[Work item]: Out of the material that follows, write out exactly the lines from the line with "Jahrgang Trainer, gebaut" to the line with "Long Sleeve Scoop", both ends included, and no others.

[Provided entries]:
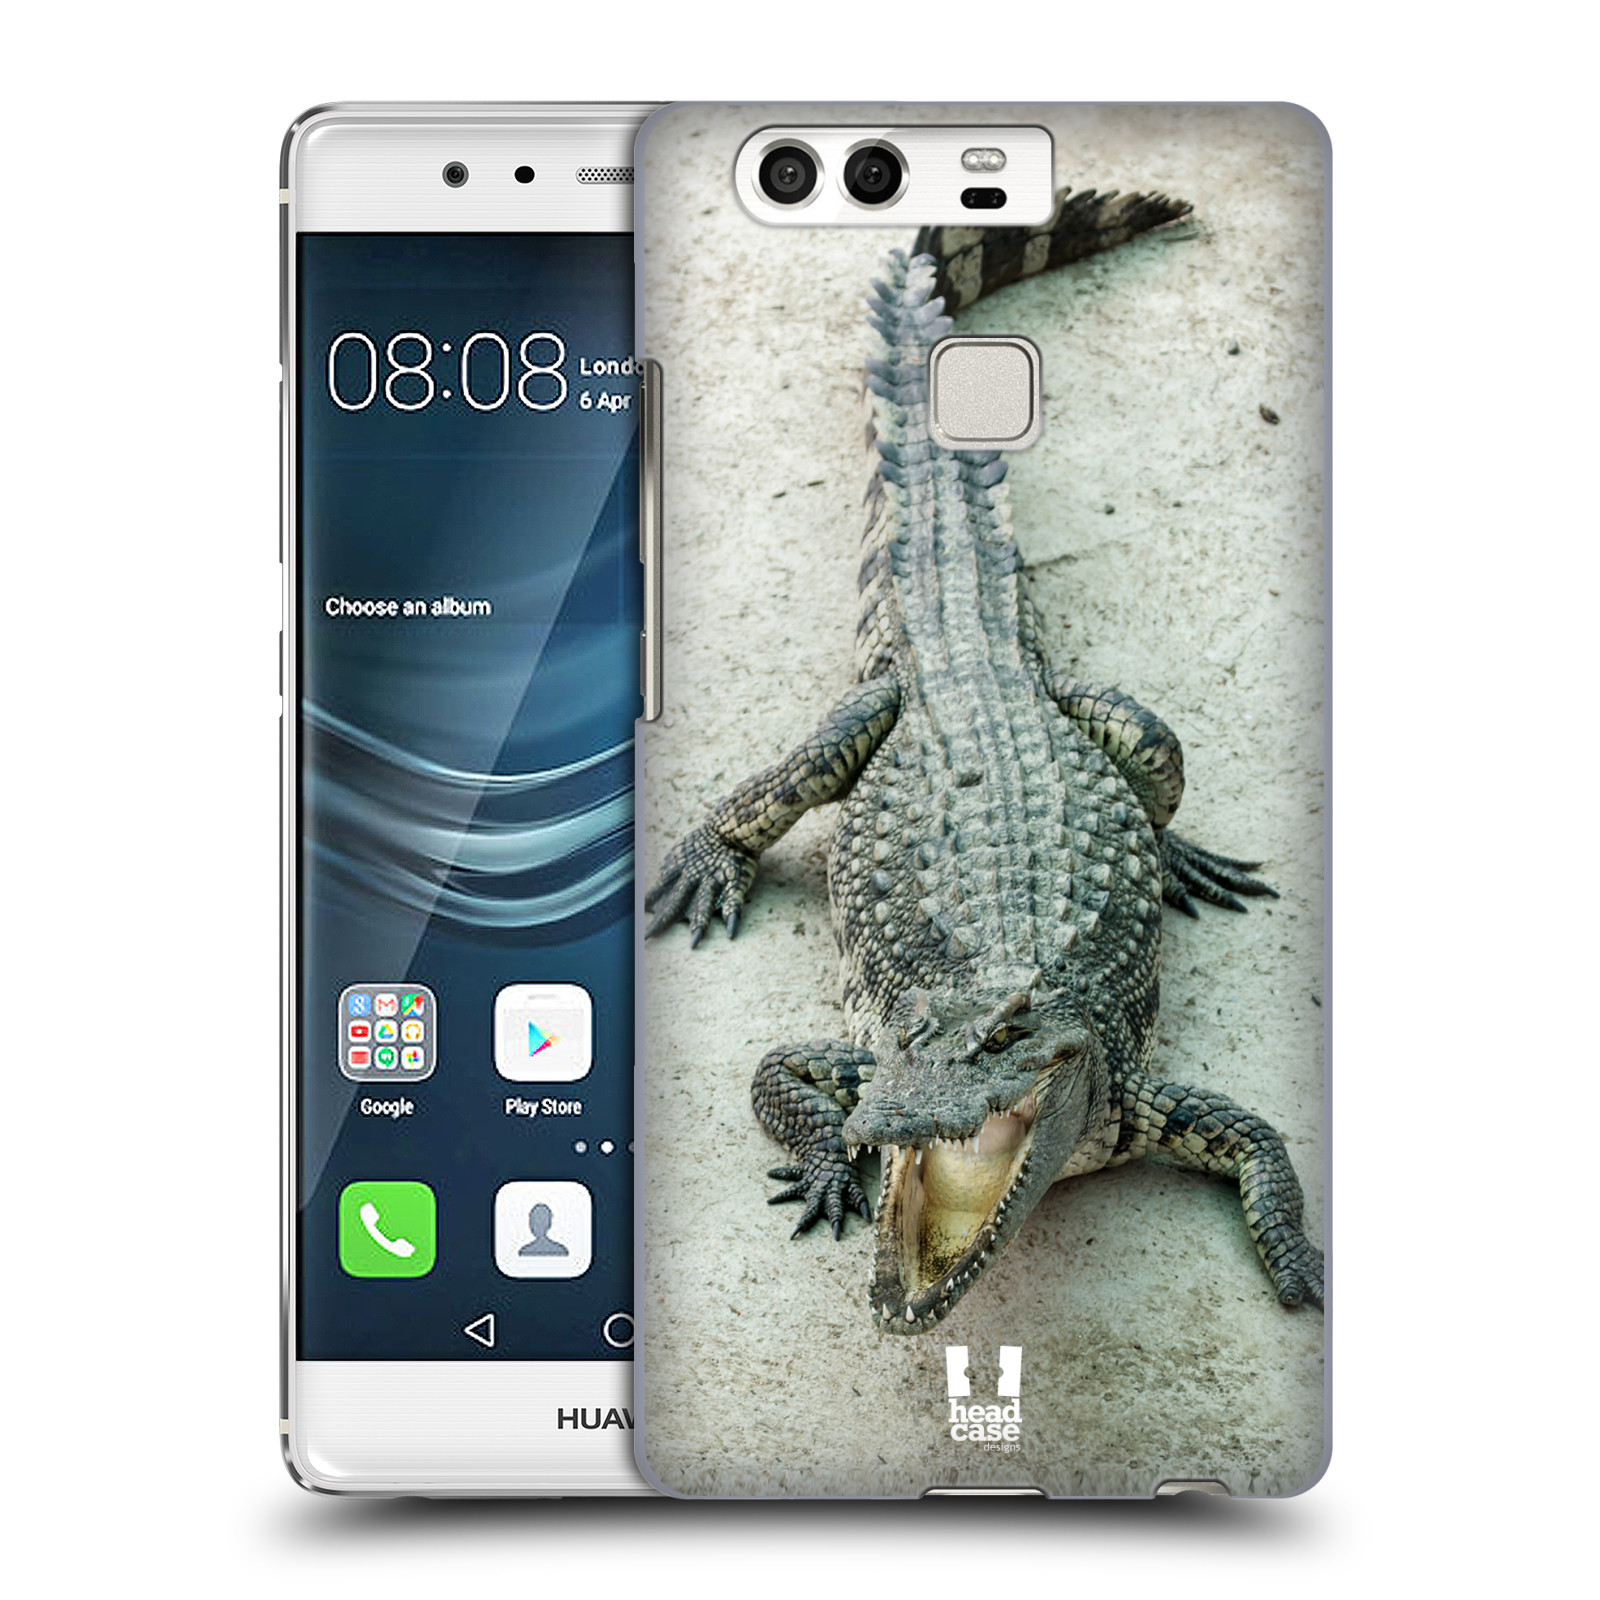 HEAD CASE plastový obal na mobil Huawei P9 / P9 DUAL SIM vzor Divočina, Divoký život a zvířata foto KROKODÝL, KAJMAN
* * *
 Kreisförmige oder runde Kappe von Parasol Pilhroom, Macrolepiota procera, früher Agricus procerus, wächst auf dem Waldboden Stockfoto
==
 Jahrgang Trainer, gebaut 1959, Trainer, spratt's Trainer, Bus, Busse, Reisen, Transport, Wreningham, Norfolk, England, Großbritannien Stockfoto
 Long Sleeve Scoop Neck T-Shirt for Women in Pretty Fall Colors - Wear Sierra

[Response below]:
 Jahrgang Trainer, gebaut 1959, Trainer, spratt's Trainer, Bus, Busse, Reisen, Transport, Wreningham, Norfolk, England, Großbritannien Stockfoto
 Long Sleeve Scoop Neck T-Shirt for Women in Pretty Fall Colors - Wear Sierra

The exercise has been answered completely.